When the above symptoms occur, differential diagnosis of hepatomegaly and hepatolenal syndrome is carried out. To do this, you need to apply a whole range of activities. One of the first items is a general blood test and its biochemical study. To establish the cause of hepatolyenal syndrome, differential diagnosis is simply necessary. Within its framework the following activities are carried out:

• Echography of the liver and spleen, gall bladder, vessels of the abdominal cavity.
• CT scan.
• Scanning of the liver and spleen.
• X-ray examination of the duodenum.
• Laparoscopy.
• Punctual biopsy of the liver and spleen.
• Study of bone marrow and lymph nodes.

At present, science does not stand still and the organ analysis is constantly expanding in the diagnosis of a condition such as hepatolienal syndrome. Differential diagnosis The main disease, taking into account the clinical picture and liver condition With its presence is the main task.

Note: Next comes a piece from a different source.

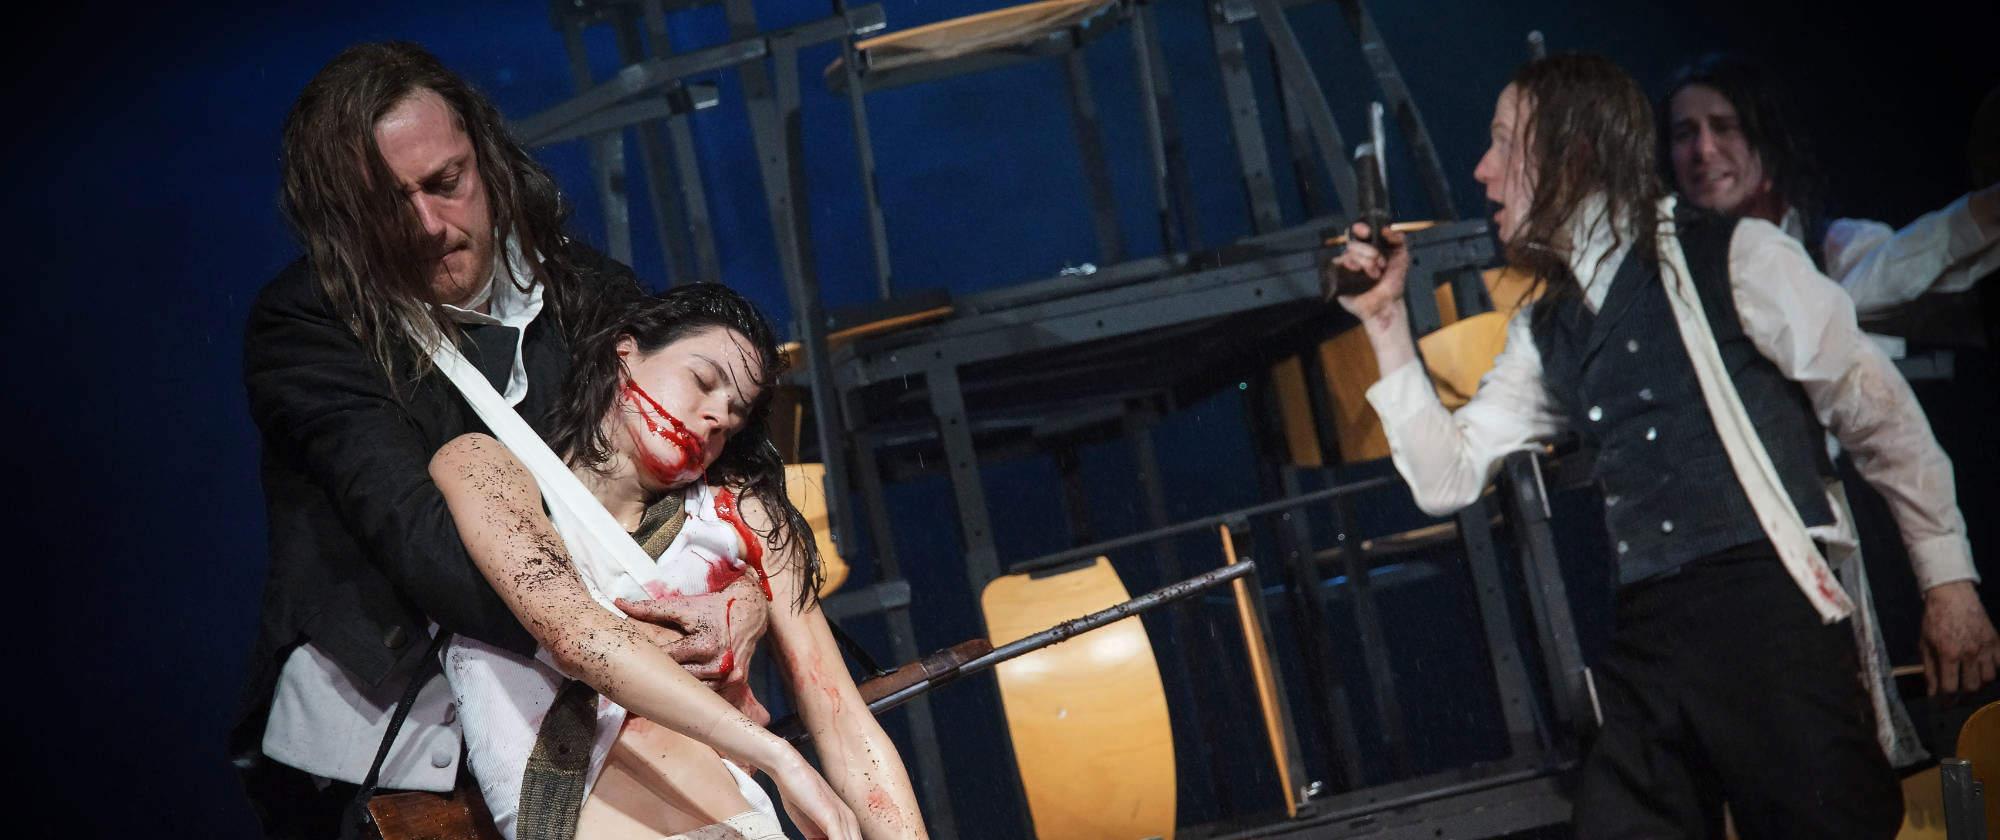 007-DIE-ELENDEN-nach-Victor-Hugo-Les-Miserables-von-Malte-Kreutzfeldt-Regie-c-photo-Olaf-Struck-Theater-Schauspielhaus-Kiel-2019

Treatment and complications of the disease

As a rule, therapy of hepatolienal syndrome is to identify the underlying pathological process and its treatment. It is not an independent disease. If you are diagnosed with "hepatolyenal syndrome," the treatment should be led by a gastroenterologist. In this case, hepatoprotectors, antiviral drugs, hormones and vitamins are used. In each case, there should be an individual approach, taking into account the etiology of the disease.

If you miss the disease and do not treat, the prognosis can be deplorable. Complications of this syndrome are cirrhosis of the liver, thrombosis of the liver of the liver, inflammation of the gallbladder, blood diseases. In such cases, removal of segments of the liver and spleen or organ transplantation and blood transfusion is possible.

At the first stage, the patients are able to work and can withstand small physical exertion. In the future, if the situation worsens, the patient becomes disabled.

Prevention

In order not to miss the onset of development of pathology, it is necessary:

• Regularly take blood and urine tests.
• In time, undergo examinations, especially if you are at risk.
• Prevention of hepatolienal syndrome primarily involves fighting the causes that cause liver and spleen diseases.
• It is necessary to comply with the regime of proper nutrition, so that the food contains the necessary amount of fats, proteins and carbohydrates and, of course, vitamins.
• Do not abuse alcohol, smoking and lead a healthy lifestyle.

There are no harmless diseases, and especially if they concern such vital organs as the liver and spleen. Timely detection of problems, and then adequate treatment can yield effective results.